**Given data:**
▬▬▬

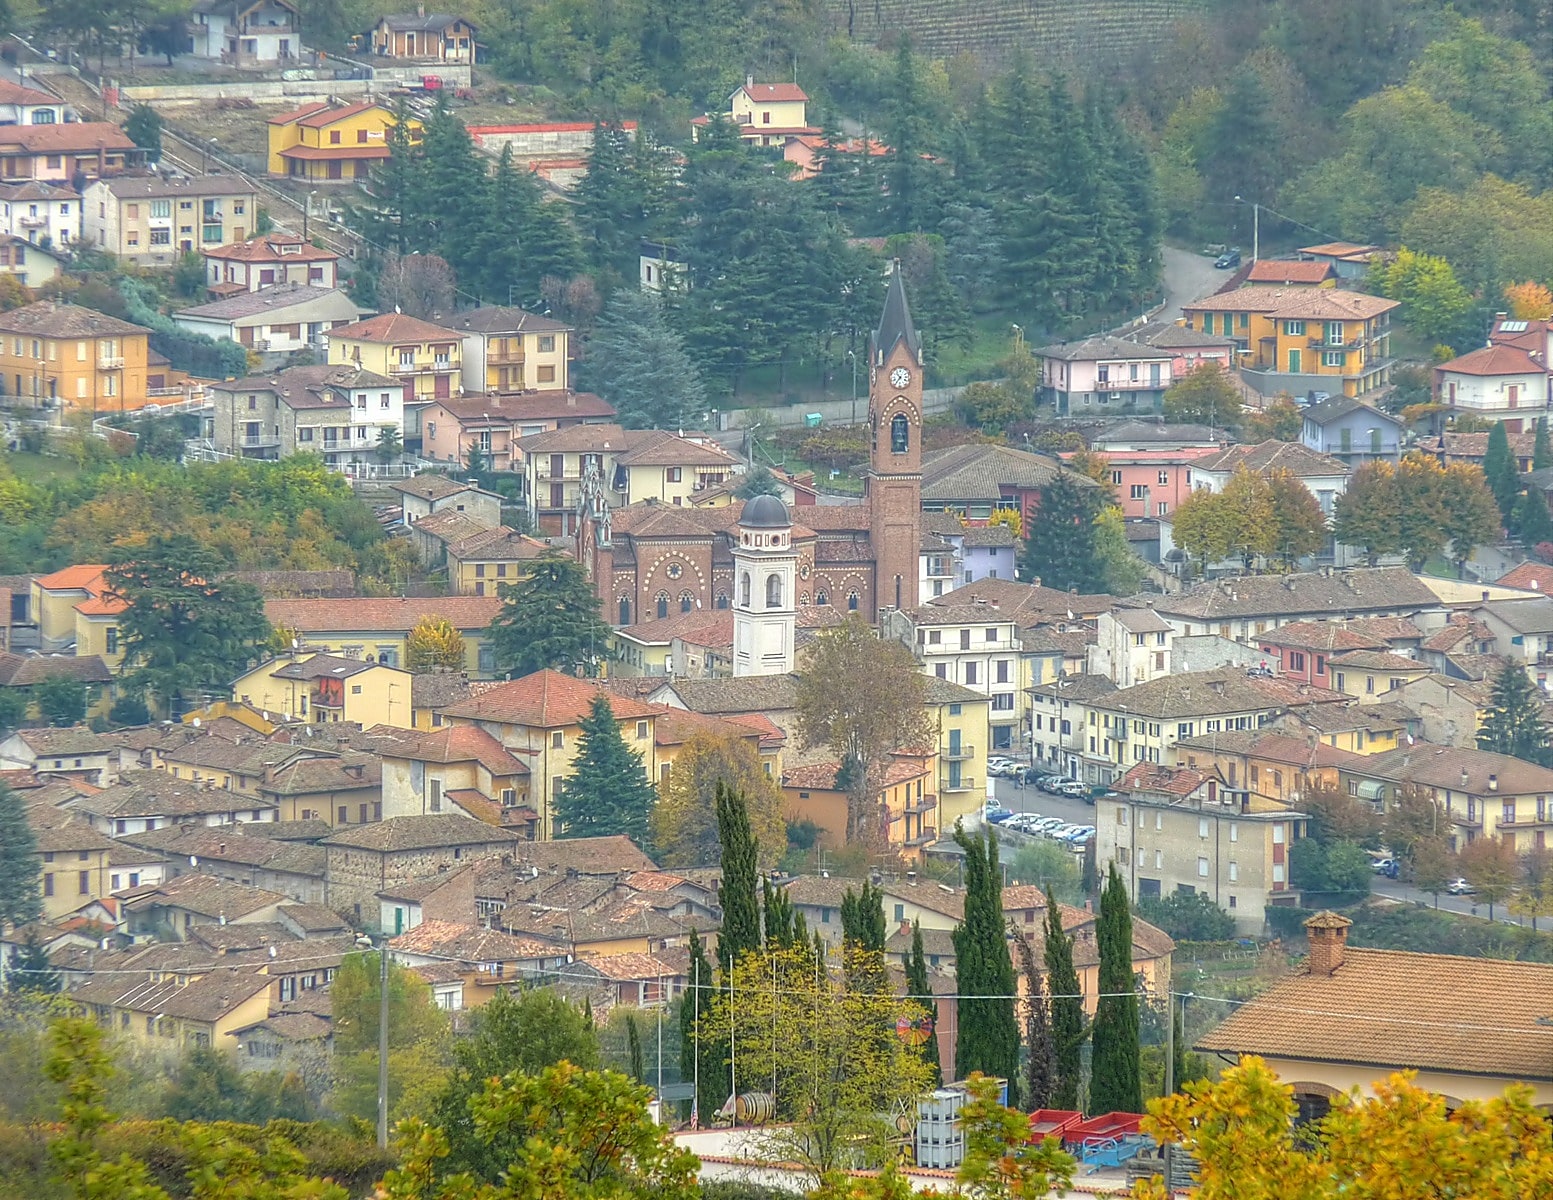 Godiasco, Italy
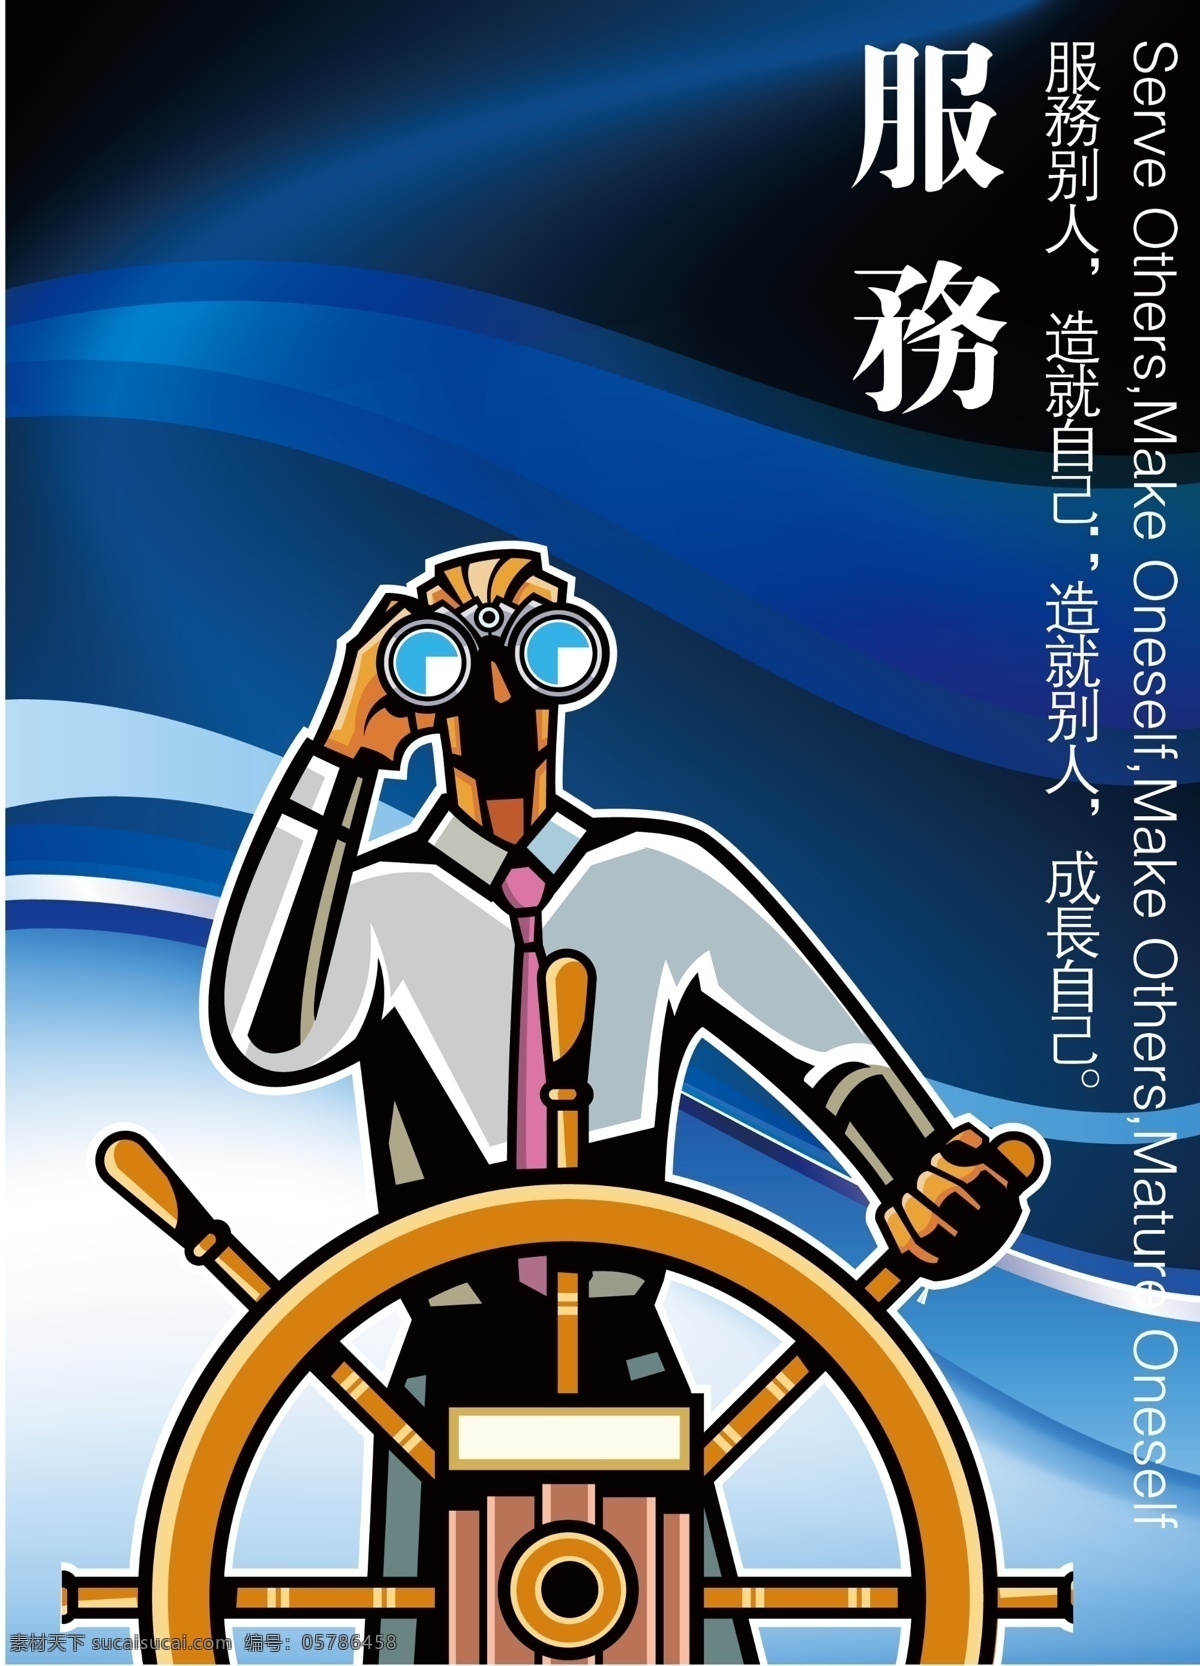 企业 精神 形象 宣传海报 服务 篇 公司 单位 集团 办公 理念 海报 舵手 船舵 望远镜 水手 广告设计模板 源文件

▬▬▬

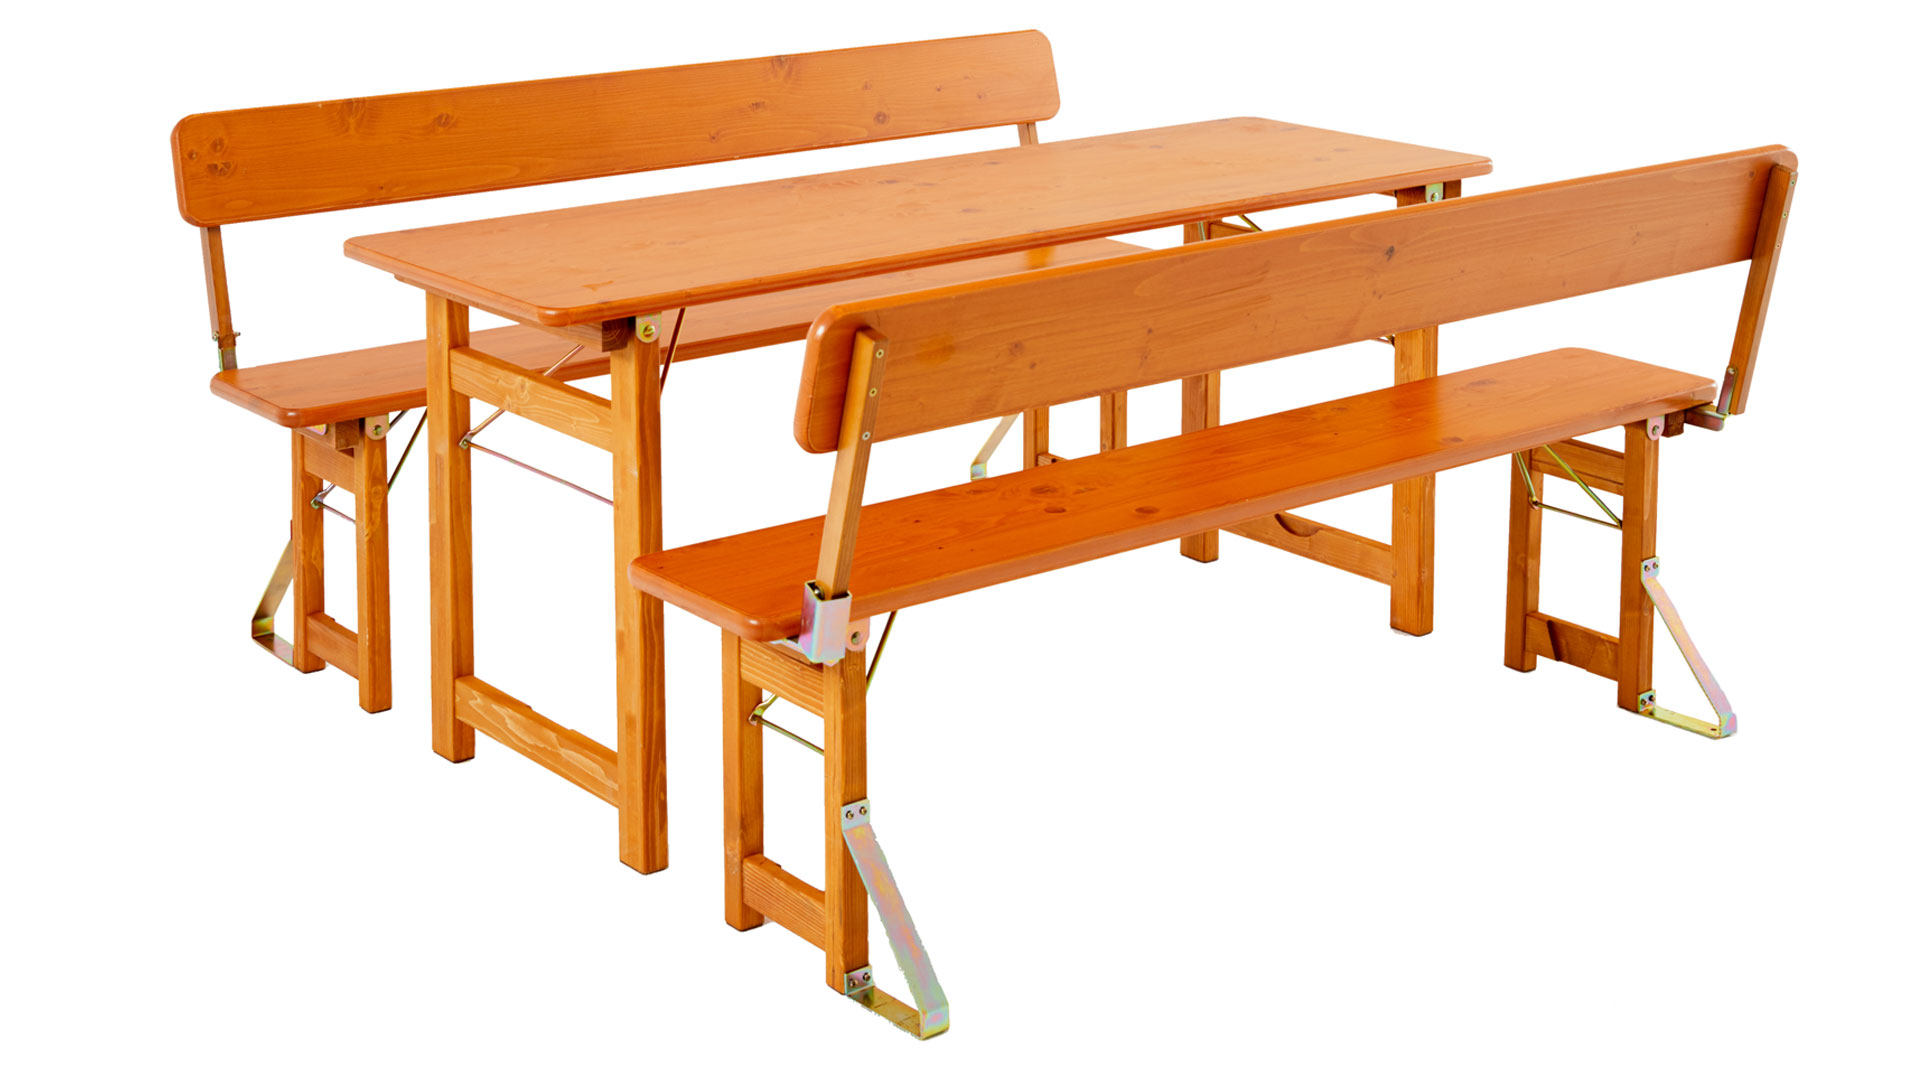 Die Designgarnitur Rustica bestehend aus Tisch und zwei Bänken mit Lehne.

▬▬▬

Give back exactly the lines of the listing above from the one that contains "Godiasco, Italy" up to and including the one that contains "企业 精神 形象 宣传海报", but not the pictures, and no other lines.

 Godiasco, Italy
 企业 精神 形象 宣传海报 服务 篇 公司 单位 集团 办公 理念 海报 舵手 船舵 望远镜 水手 广告设计模板 源文件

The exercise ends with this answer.